After speaking up, Pete Alonso steps up in Mets victory: 'I'm just really fired up'


NEW YORK — A day after he was the only player to speak during a pregame team meeting led by David Stearns and Carlos Mendoza, Pete Alonso delivered one of his best performances of the season. Alonso homered among his three hits and drove in five runs in the New York Mets’ 10-1 beatdown of the Nationals at Citi Field.

With Atlanta losing, the Mets’ pushed their lead for a playoff spot to two games.

“We control our own destiny,” Alonso said. “That’s what we want to do, is win as many ballgames as we can.”

That was largely the message on Monday in the Mets clubhouse when Stearns and Mendoza addressed the team. Alonso spoke at the end, reminding his teammates what was still in front of them.

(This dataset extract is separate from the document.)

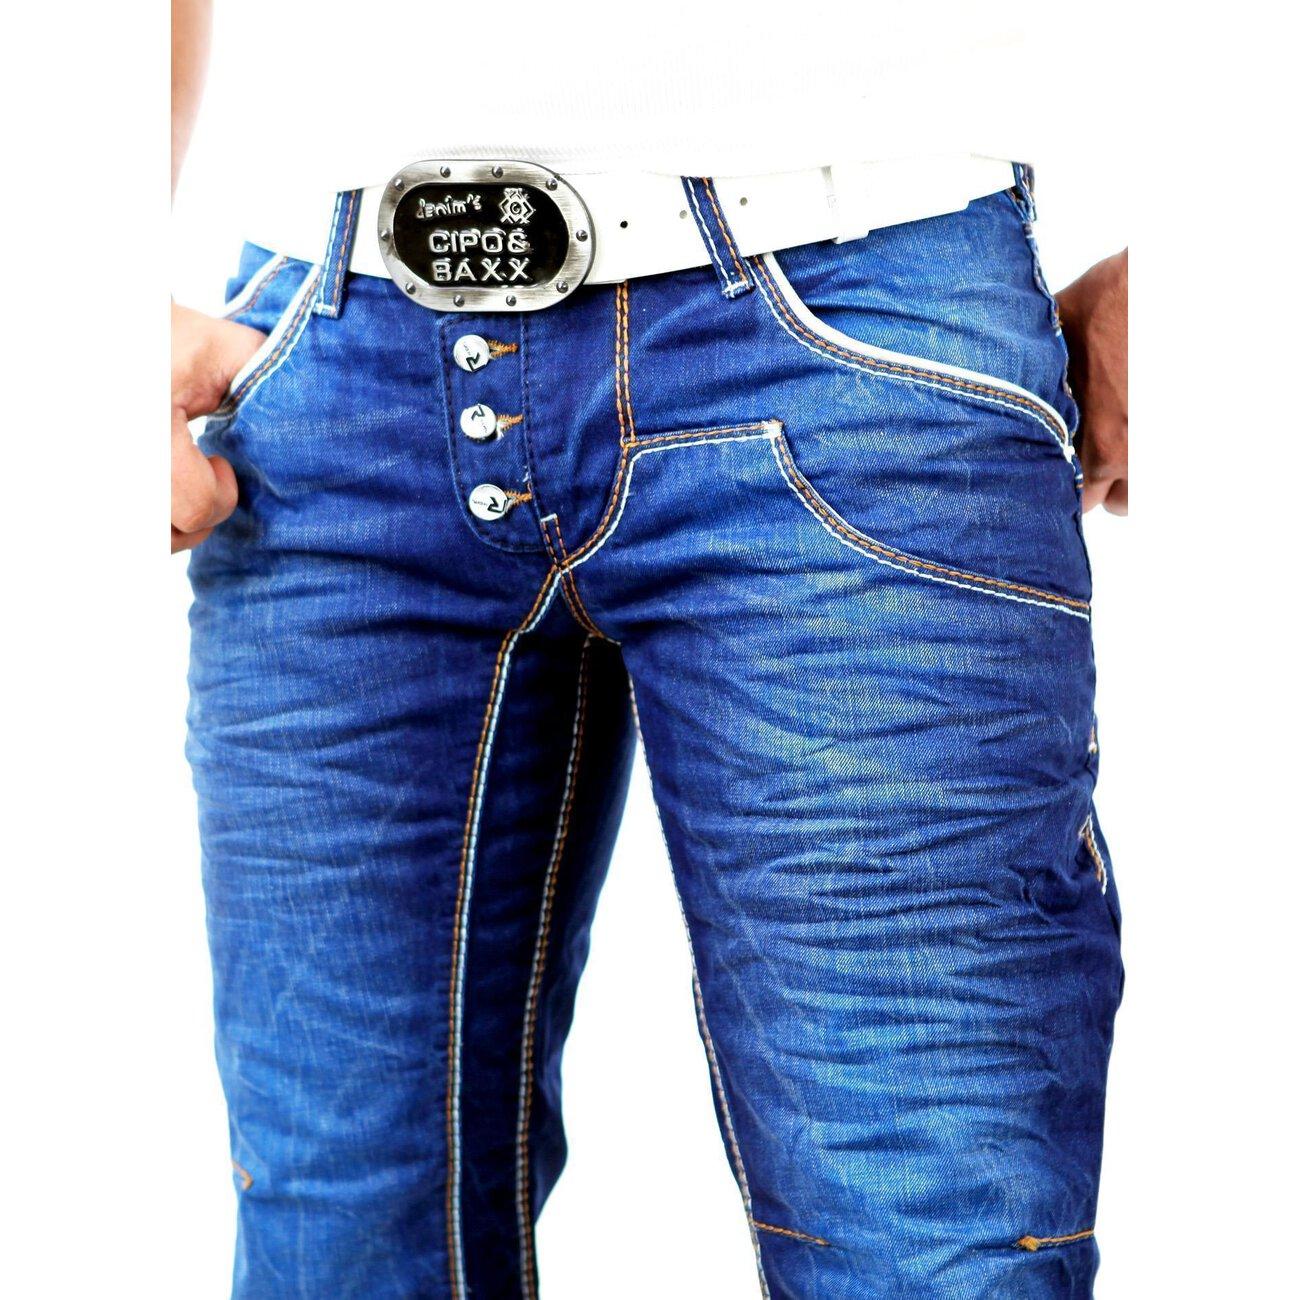 r neal herren used look dicke naht jeans hose rn 8442 25 blau w38 l34. Black Bedroom Furniture Sets. Home Design Ideas

(The New York Post first reported the team meeting and Alonso’s role within it.)

“It was awesome — just like a little pump-up speech to give us a little push for the next two weeks,” said Mark Vientos. “I feel like we have the edge right now and we’re going to keep it going.”

“That’s been Pete all year,” said J.D. Martinez. “He speaks when he needs to.”

“I just wanted to say something from the heart to the fellas,” Alonso said. “That’s pretty much it.”

“It was cool to hear from all of them,” Tyrone Taylor said. “Just come and be the best version of ourselves. Those are cool words to hear.”

He paused.

“Having fun was also thrown in there,” he said.

Tuesday was certainly fun for New York. Tylor Megill continued his late-season surge, limiting Washington to an unearned run on two hits over six innings. In four starts filling in for the injured Paul Blackburn, Megill has allowed four earned runs in 21 2/3 innings; the Mets are 4-0 in those games.

Luisangel Acuña, playing for Francisco Lindor at shortstop, rebounded from an early error to come through with three hits, including an RBI double and the first home run of his major-league career.

And Alonso helped break the game open early and put it away late. The first baseman has not had a poor year. But this season for Alonso has lacked the big, timely hits he had routinely provided in the past. His OPS with runners in scoring position is down 200 points from his career norm.

On Tuesday at least, he delivered in those moments. With the bases loaded in the third inning, his broken-bat blooper plunked down behind first base to score two — the kind of batted-ball luck that has often eluded him since the start of last season.

Three innings later, he pummeled a 1-2 fastball on the inner half to left field for a three-run homer — his first three-run blast in three months.

“I feel really good,” Alonso said. “I just want to continue to have quality at-bats.”

“He can carry a team,” Mendoza said. “It was good for him to say what he needed to say, and to go out there and back it up is good.”

This would not be the first time a strong game from Alonso has hinted at a characteristic hot streak to come; that stretch has yet to arrive in full force in 2024. There are 11 regular-season games for it yet. Alonso and the Mets hope there’s even more time than that — that this is not his final homestand in Queens.

“This place is really special,” he said of New York. “I’m just really fired up because of the situation we’ve put ourselves in.”